New feature (non-breaking change which adds functionality)
This change requires a documentation update

How Has This Been Tested?

Add new tests.

…acts

lineapy/graph_reader/graph_refactorer.py

yoonspark · 2022-07-03T18:22:22Z

With the toy example we used, i.e.,

art = {}
a0 = 0
a0 += 1
art['a0'] = lineapy.save(a0,"a0")
a=1
art['a'] = lineapy.save(a, "a")

a+=1
b = a*2 + a0
c = b+3
d = a*4
e = d+5
e+=6
art['c'] = lineapy.save(c, "c")
art['e'] = lineapy.save(e, "e")

f = c+7
art['f'] = lineapy.save(f, "f")
a+=1
g = c+e *2
art['g'] = lineapy.save(g,'g')
h = a+g
art['h'] = lineapy.save(h,'h')

the current implementation produces:

def pipeline():
    a = get_a()
    a = get_a_for_artifact_c_and_downstream(a)
    c = get_c(a)
    f = get_f(c)
    e = get_e(a)
    g = get_g(c,e)
    h = get_h(a,g)
    return a, c, f, e, g, h

which is missing a = get_a_for_artifact_h_and_downstream(a). That is, h relies on yet another mutated a, but this second mutation of a is not captured in graph refactoring.
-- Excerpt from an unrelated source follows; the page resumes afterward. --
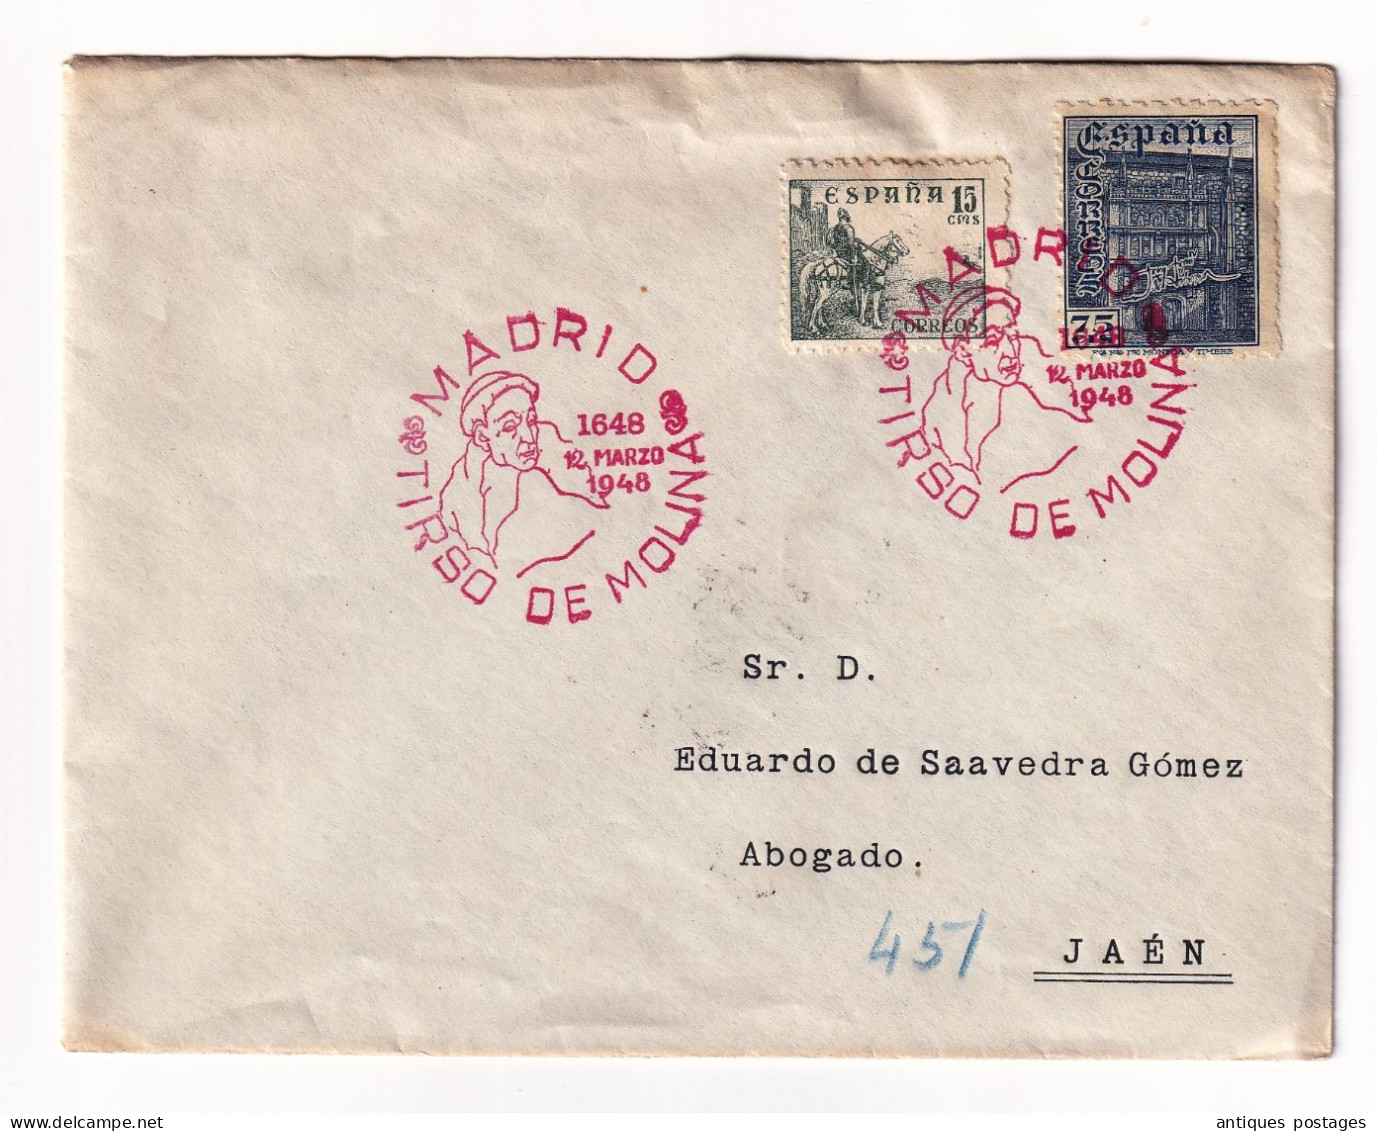 Lettres 12 Marso 1948 Espagne Madrid Matasello Tirso De Molina Certificado Jaén - Covers & Documents

UPDATE: @mingjerli rightly pointed out that this is actually an expected behavior: since the last a += 1 affects h only, this is "absorbed" in to the definition of get_h, which is a desired behavior in fact. So, marking this discussion thread resolved.

mingjerli · 2022-07-06T02:02:30Z

lineapy/data/graph.py

                (parent_id, node.id)
                for node in nodes
                for parent_id in node.parents()
+                if parent_id in set(self.ids.keys())
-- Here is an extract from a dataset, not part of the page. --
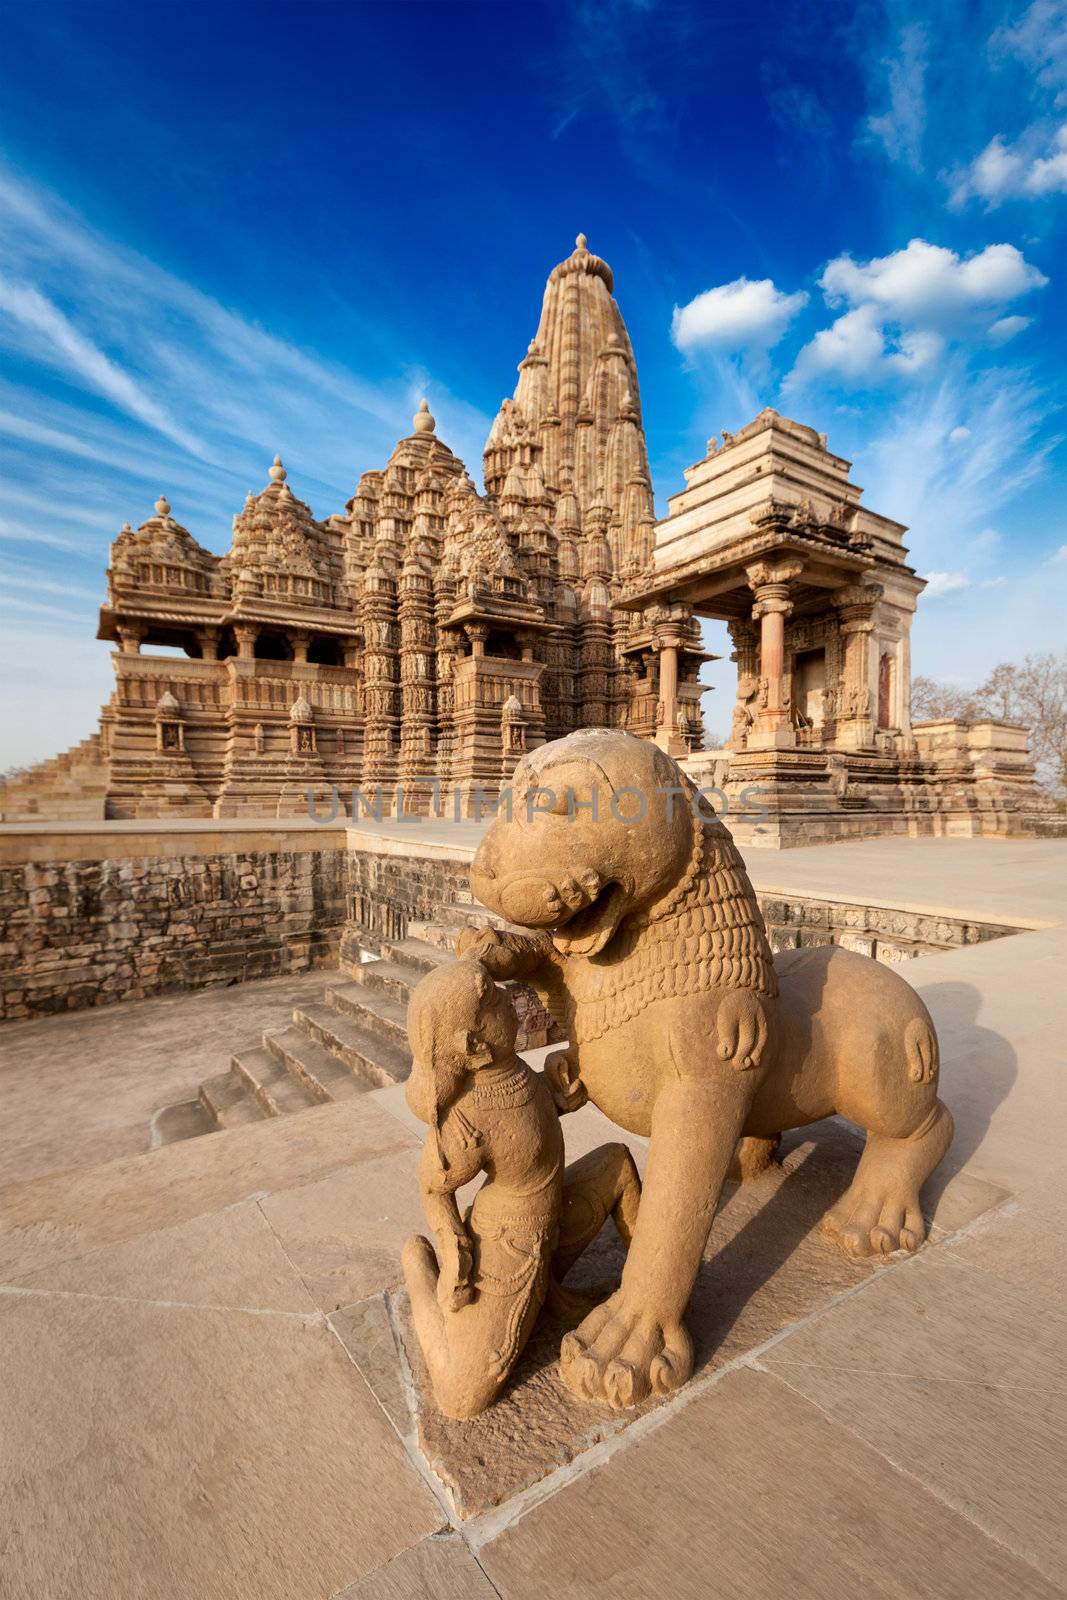 King and lion fight statue and Kandariya Mahadev temple by dimol

Need this to make sure the graph is self-contained within the list of input nodes.

yoonspark · 2022-07-09T20:36:12Z

With the following session code:

# Load train data
train_df = pd.read_csv("https://raw.githubusercontent.com/LineaLabs/lineapy/main/examples/tutorials/data/iris.csv")

# Initiate the model
mod = LinearRegression()

# Fit the model
mod.fit(
    X=train_df[["petal.width"]],
    y=train_df["petal.length"],
)

# Save the fitted model as an artifact
lineapy.save(mod, "iris_model")

# Load data to predict (assume it comes from a different source)
pred_df = pd.read_csv("https://raw.githubusercontent.com/LineaLabs/lineapy/main/examples/tutorials/data/iris.csv")

# Make predictions
petal_length_pred =  mod.predict(X=pred_df[["petal.width"]])

# Save the predictions
lineapy.save(petal_length_pred, "iris_petal_length_pred")

we get the following refactored code:

def get_pd_train_df_for_artifact_iris_model_and_downstream():
    import pandas as pd
    return pd, train_df

def get_iris_model(pd):
    from sklearn.linear_model import LinearRegression
    train_df = pd.read_csv(
        "https://raw.githubusercontent.com/LineaLabs/lineapy/main/examples/tutorials/data/iris.csv"
    )
    mod = LinearRegression()
    mod.fit(
        X=train_df[["petal.width"]],
        y=train_df["petal.length"],
    )
    return mod

def get_iris_petal_length_pred(mod, pd, train_df):
    pred_df = pd.read_csv(
        "https://raw.githubusercontent.com/LineaLabs/lineapy/main/examples/tutorials/data/iris.csv"
    )
    petal_length_pred = mod.predict(X=pred_df[["petal.width"]])
    return petal_length_pred

def pipeline():
    pd, train_df = get_pd_train_df_for_artifact_iris_model_and_downstream()
    mod = get_iris_model(pd)
    petal_length_pred = get_iris_petal_length_pred(mod, pd, train_df)
    return mod, petal_length_pred

if __name__=="__main__":
    pipeline()

which is not exactly what we want.

dorx · 2022-07-10T06:18:00Z

Additionally, the import behavior is also inconsistent. While it might be desirable to do imports within specific functions, we currently don't always import things that are needed within a function in the function itself, e.g., in

def get_iris_petal_length_pred(mod, pd, train_df):
    pred_df = pd.read_csv(
        "https://raw.githubusercontent.com/LineaLabs/lineapy/main/examples/tutorials/data/iris.csv"
    )
    petal_length_pred = mod.predict(X=pred_df[["petal.width"]])
    return petal_length_pred

we need to import pandas as pd for it to be self.contained.

yifanwu

Just left some notes from a quick skim of the code. I will do a more thorough review once I get to check out the code and test out corner cases.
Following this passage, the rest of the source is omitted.